A new "broadband" invisibility cloak which hides objects over a wide range of frequencies has been devised.
Despite the hype about Harry Potter-style cloaks, our best current designs can only conceal objects at specific wavelengths of light or microwaves.
At other frequencies, invisibility cloaks actually make things more visible, not less, US physicists found.
Their solution is a new ultrathin, electronic system, which they describe in Physical Review Letters.
"Our active cloak is a completely new concept and design, aimed at beating the limits of [current cloaks] and we show that it indeed does," said Prof Andrea Alu, from the University of Texas at Austin.
"If you want to make an object transparent at all angles and over broad bandwidths, this is a good solution.
"We are looking into realising this technology at the moment, but we are still at the early stages."
Passive vs Active
While the popular image of an invisibility cloak is the magical robe worn by Harry Potter, there is another kind which is not so far-fetched.
The first working model - which concealed a small copper cylinder by bending microwaves around it - was first demonstrated in 2006.
It was built with a thin shell of metamaterials - artificial composites whose structures allow properties which do not exist in nature.
Cloaking materials could have applications in the military, microscopy, biomedical sensing, and energy harvesting devices.

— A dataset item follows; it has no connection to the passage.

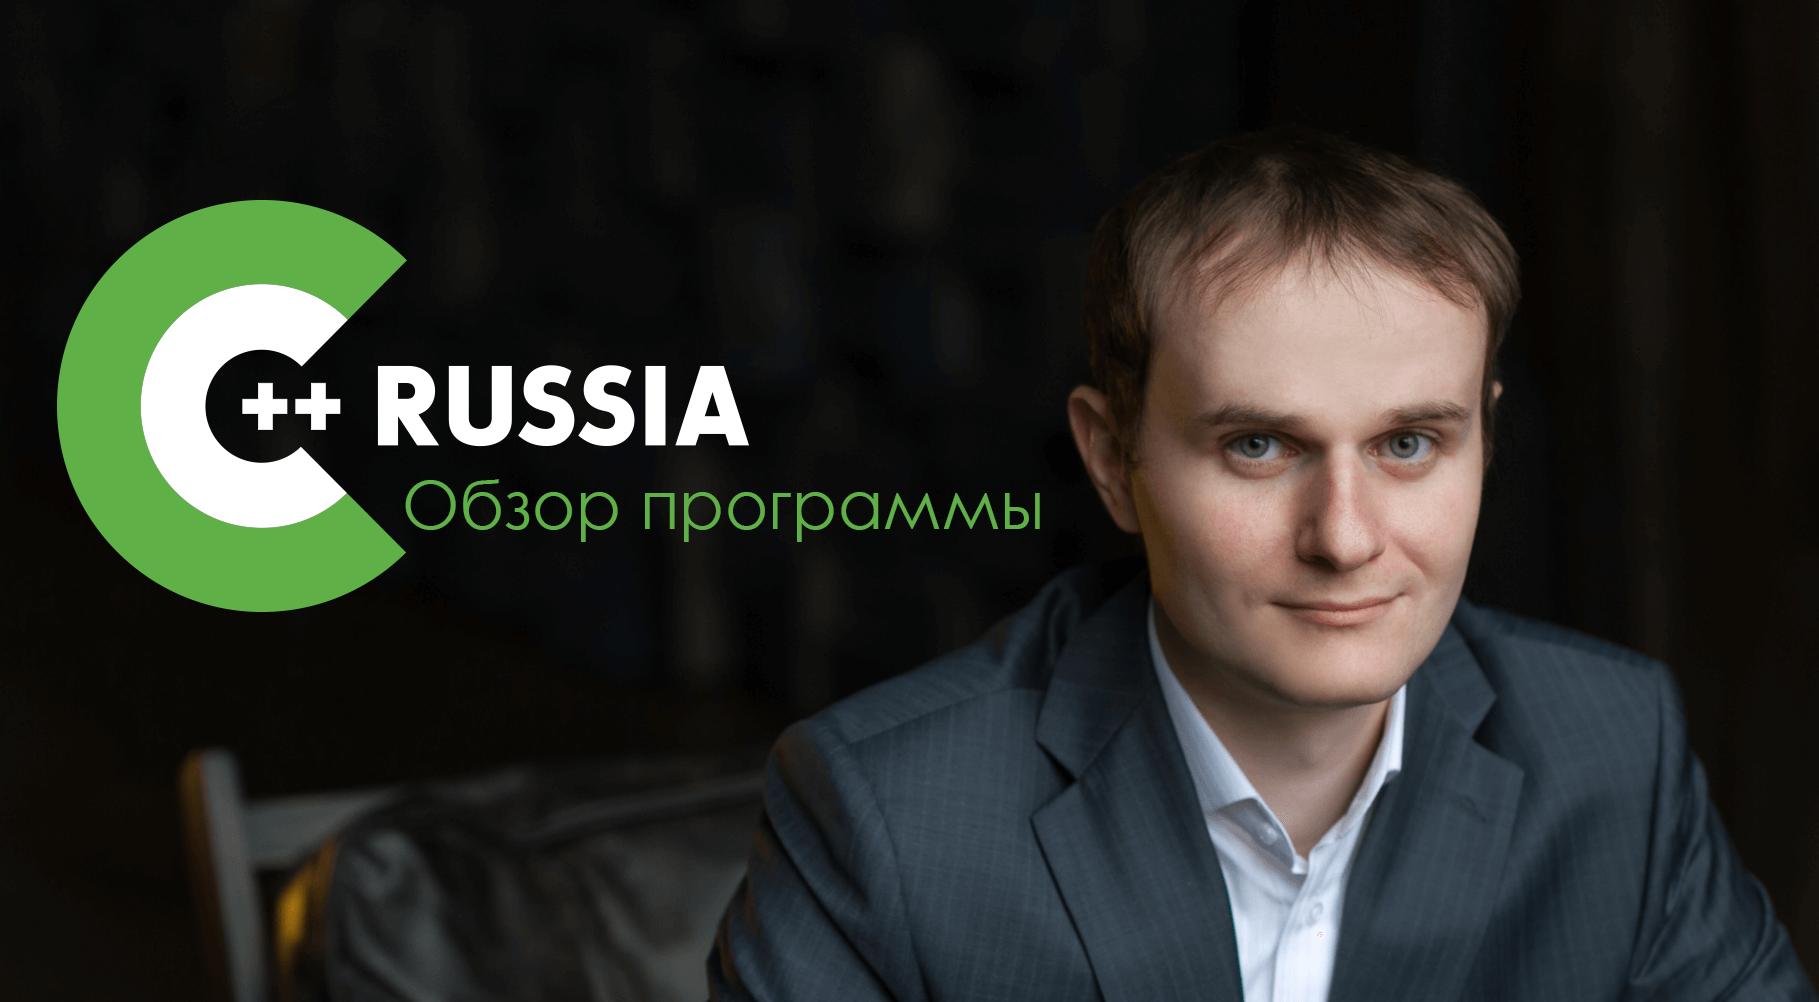 Обзор программы С++ Russia 2019 Piter: асинхронность, модули, библиотеки… и такси - 1

The trouble with current designs is they only work at limited bandwidths. Even this "perfect" 3D cloak demonstrated last year could only hide objects from microwaves.
At other frequencies the cloak acts as a beacon - making the hidden object more obvious - as Prof Alu and his team have now demonstrated in a new study in Physical Review X.
They looked at three popular types of "passive" cloaks - which do not require electricity - a plasmonic cloak, a mantle cloak, and a transformation-optics cloak.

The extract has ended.